The parameter included in all the algorithms that was varied was window size. An additional parameter present in some of the algorithms was the threshold (SSC, ZC, WA, and FR) which was also varied together with the window size. The list of varied parameters is shown in
Table 2.
The range of window sizes tested within this study was 50–1050 ms, which is wider than that of the state of the art [
32,
44,
45,
46]. There are several reasons for extending the range of tested window width. First, we wanted to provide computational/practical evidence of an optimal range of window sizes that should be used in conjunction with iEMG signals. Secondly, a wider window impacts computational time, which in turn results in increased controller delay, which has been identified as one of the obstacles in providing intuitive prosthetic control [
9,
47]. As microprocessor technology is continuously advancing, there is a need to update general knowledge regarding computational time for different EMG feature extraction algorithms, window widths, and processor architectures. Thus, providing both quantitative and qualitative information about algorithm performances, even for wide window sizes, should be beneficial for future studies.
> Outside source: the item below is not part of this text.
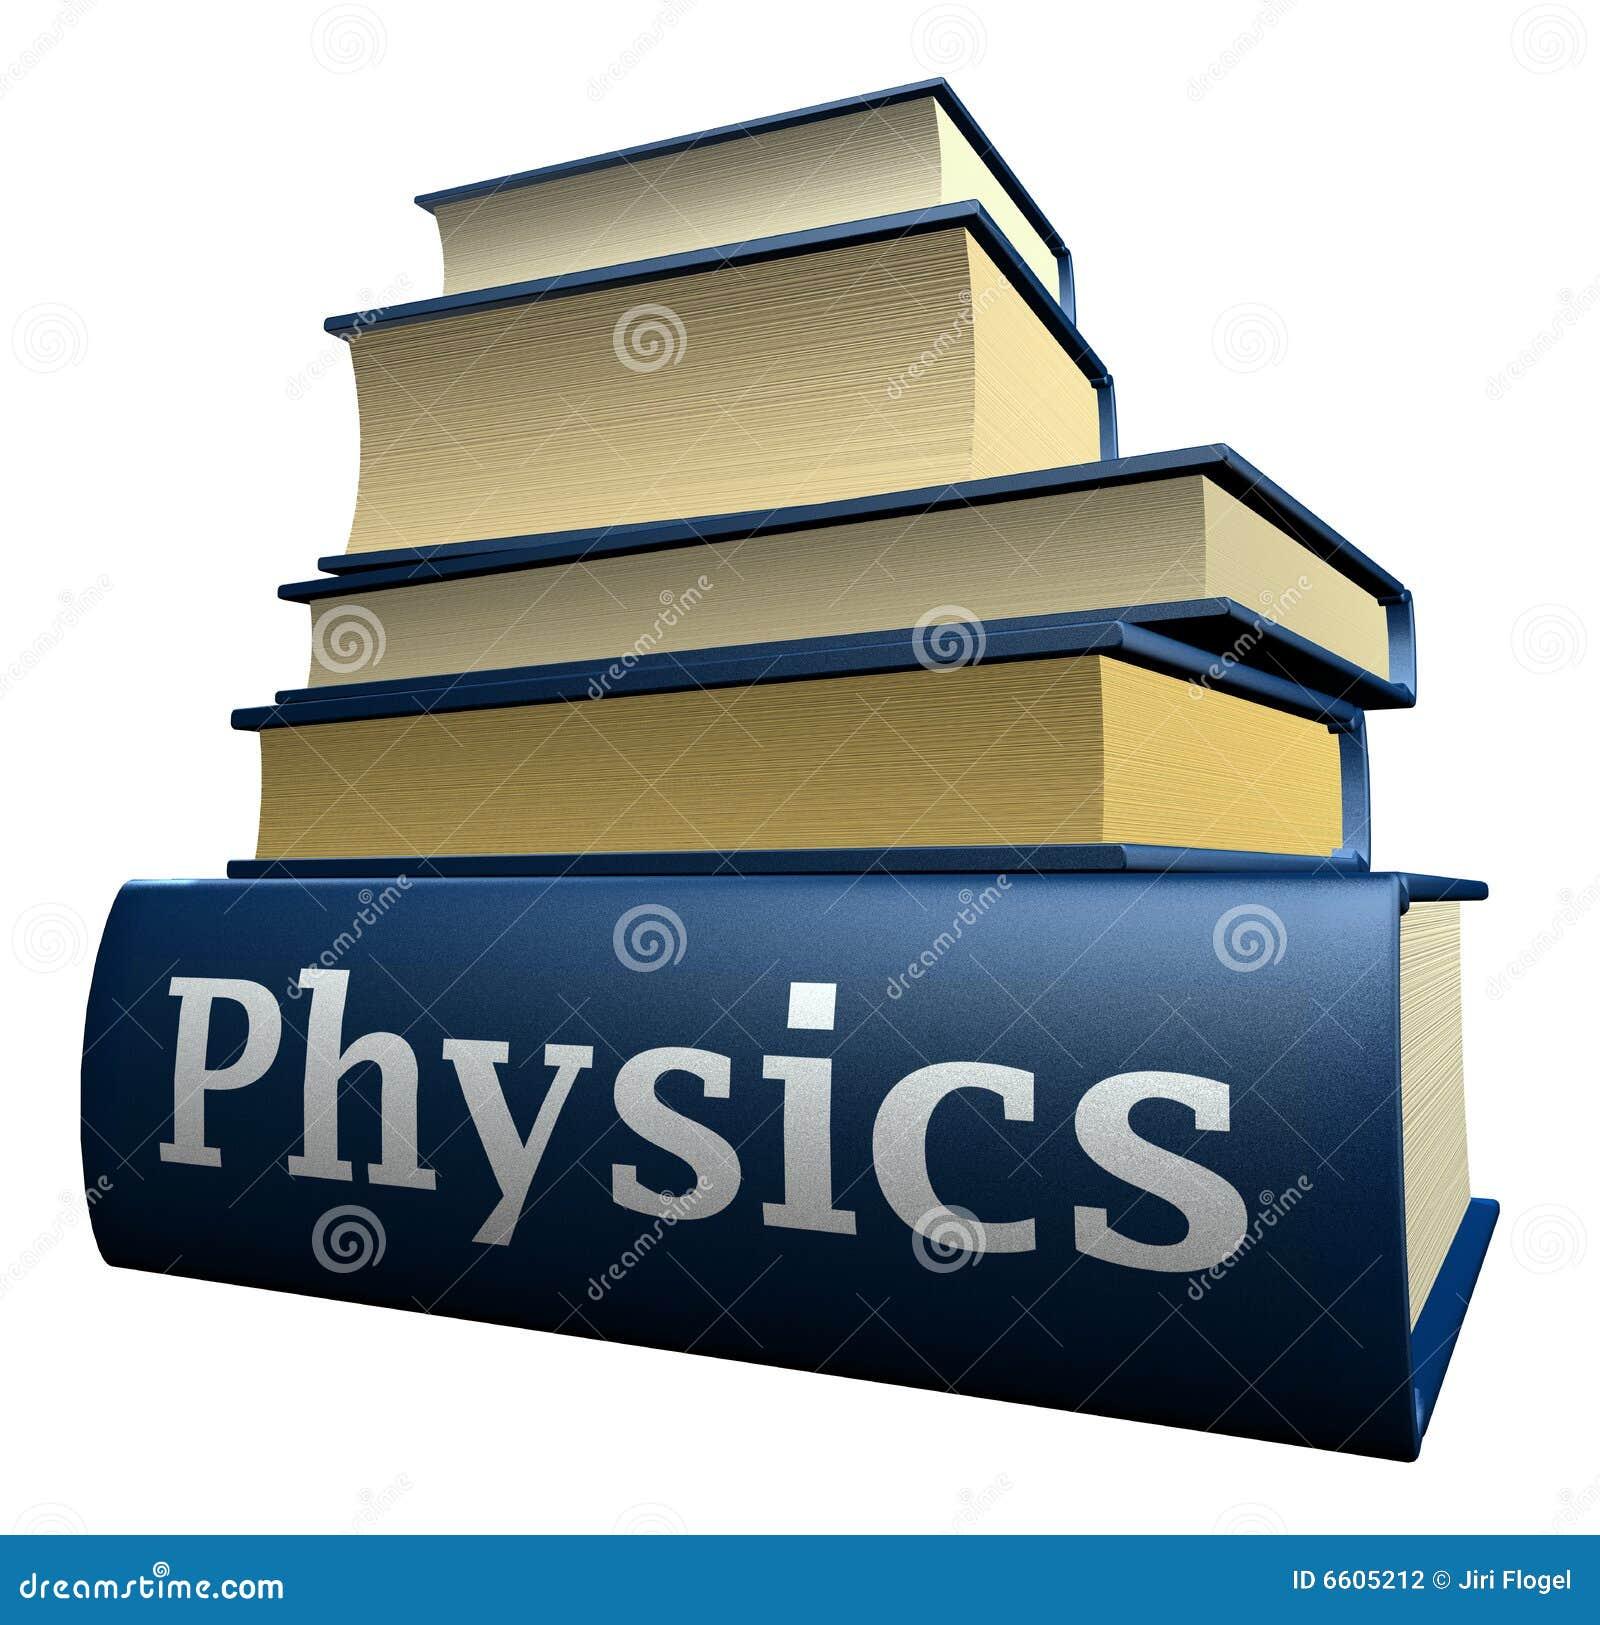 Education Books - Physics Stock Photography - Image: 6605212

The increment of the sliding window width for all algorithms was set to 100 ms to provide 10 equally spaced evaluation points. The thresholds for SSC, ZC, and WA were defined as signal “dead zones” and, as in [
33], were based on the system noise. In this study, we estimated the noise by calculating the MAV of the EMG during the rest period. The MAV (rest) was computed from the first 100 ms of each segmented movement (isometric contraction) which did not contain voluntary iEMG, as the command for initiating muscle contraction was delayed in order to enable the subject to focus on the subsequent hand movement. For the purpose of estimating the optimal dead zone range, thresholds between 0 and Q × MAV were used, where Q was the multiplier of the MAV (rest) value. The parameter Q was varied in the range (0–4) with 0.2 increments during the exploration of the parameters. The threshold for the FR algorithm was calculated as a quantile of the iEMG signal during the first full period of the sine tracking task and it varied between the 85th and 99th quantile with 1 quantile increments.